Für die weitere Bearbeitung sende ich die Aufnahme mit Bearbeiten in > In Adobe Potoshop bearbeiten nach  Photoshop.

7. Größenanpassung auf Standardgröße

Da ich meine Aufnahmen in einheitlichen Größen haben möchte, stelle ich diese in Photoshop ein. Dazu verwende ich in der Regel die Photoshop-Funktion Bild > Bildgröße. Dort gebe ich die gewünschte Größe für die längste Kante (3000 px oder 5000 px) ein und übernehme die weiteren Einstellungen. Der Einfachheit halber habe ich mir in Photoshop dafür Aktionen angelegt, die ich nur auslösen muß.

 

8. Komplexere Retuschen zur Entfernung störender Elemente

Meistens reichen Lightrooms Retuschiermöglichkeiten für mich aus. Es gibt aber Fälle, in denen diese Möglichkeiten nicht ausreichen. Dann greife ich zu Photoshop, das über weitergehende Möglichkeiten verfügt.

Dabei nutze ich vor allem zwei Möglichkeiten:

Für auffallend hellere Flecken im Hintergrund, die den Betrachter ablenken, eignet sich für mich die Funktion Inhaltsbasiertes Füllen.

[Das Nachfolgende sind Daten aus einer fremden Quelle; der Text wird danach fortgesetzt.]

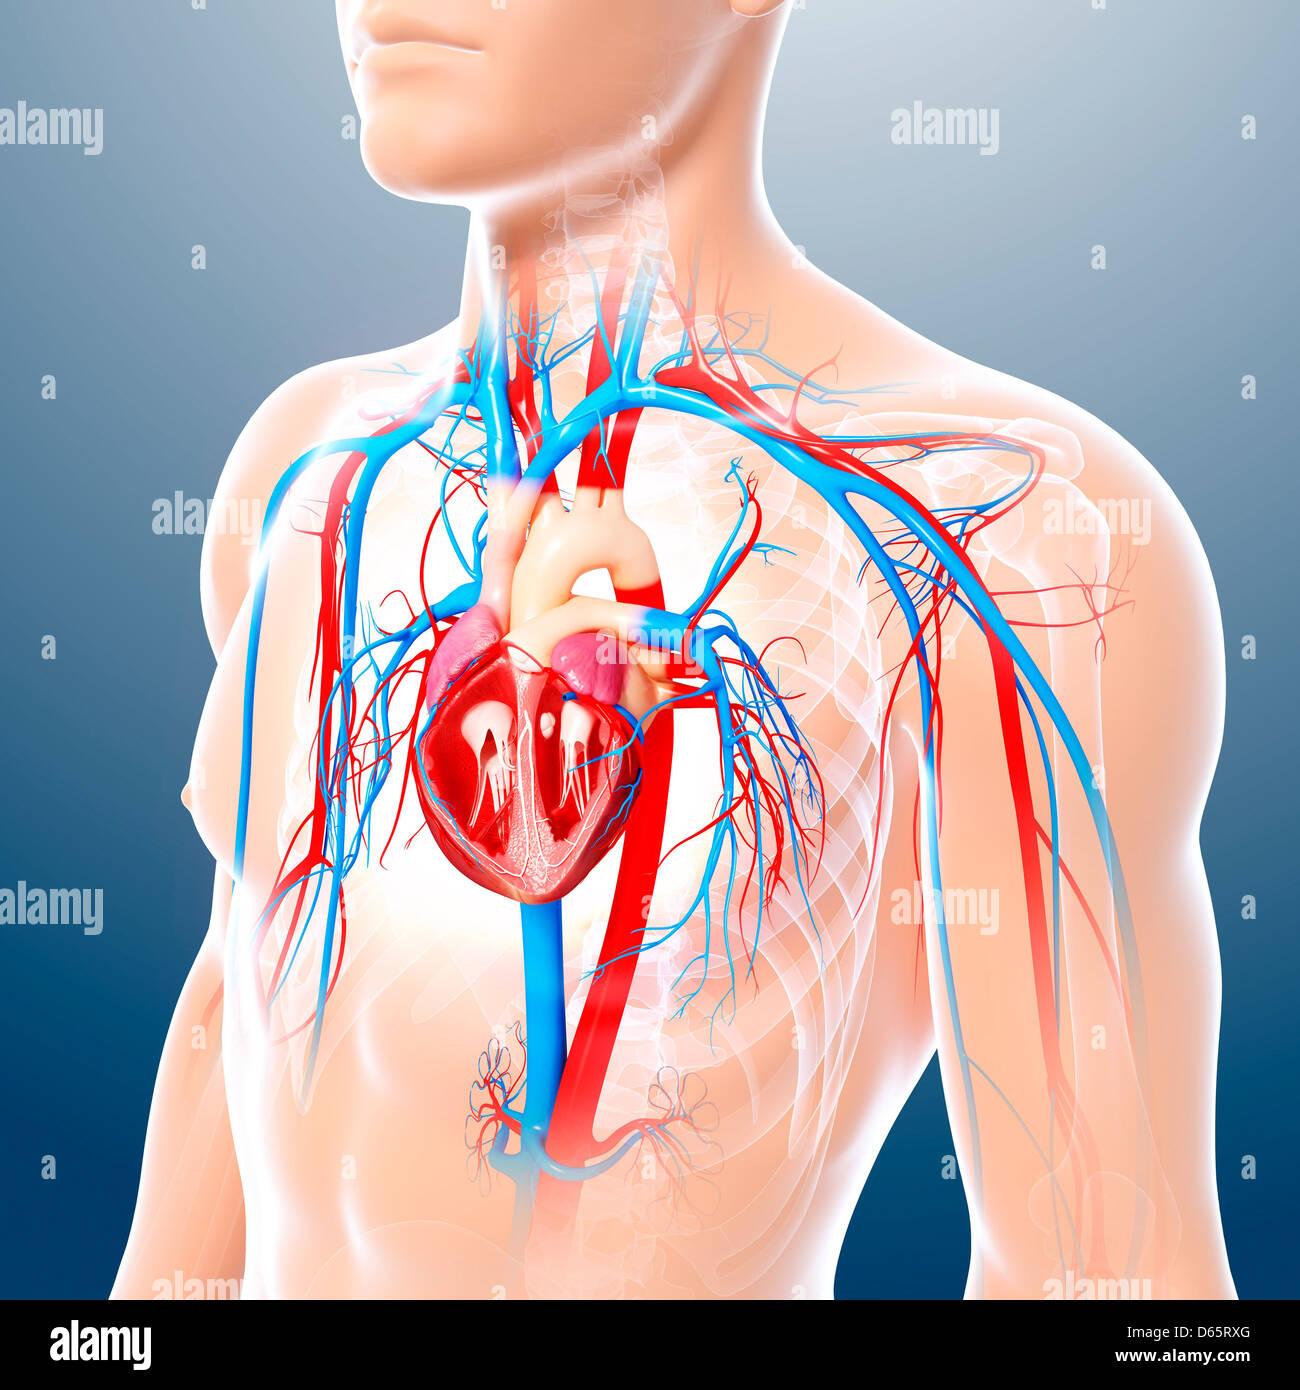 Male Chest Anatomy Heart Veins Stockfotos Male Chest Anatomy Heart

Da ich hierfür keine präzise Auswahl, ziehe ich mit der Lasso-Auswahl eine grobe Umrandung. Mit Bearbeiten > Inhaltsbasierte Füllung wird die Funktion aufgerufen.

Für die wenigen komplexeren Retuschen, die ich benötige, greife ich auf das Entfernen-Werkzeug in Photoshop zurück, die besser als die entsprechende Funktion in Lightroom ist.

 

9. Schärfung

Als Letztes schärfe ich meine Aufnahmen in Photoshop, da hier bessere Möglichkeiten als in Lightroom zur Verrfügung stehen. 

Ich verwende zum Schärfen eine Aktion eines südafrikanischen Wildlife-Fotografen, bei der nur das Motiv mit der Funktion Hochpaß-Schärfen geschärft wird. Da dabei die Bildebene kopiert und in ein Smartobjekt umgewandelt wird, läßt sich die Schärfung leicht rückgängig machen und auch bearbeiten. Durch die Aktion wied nicht das ganze Bild geschärft, sondern nur das Motiv.

Schließlich speichere ich die bearbeitete Aufnahme nach Lightroom zurück, wo eine weitere Datei angelegt wird.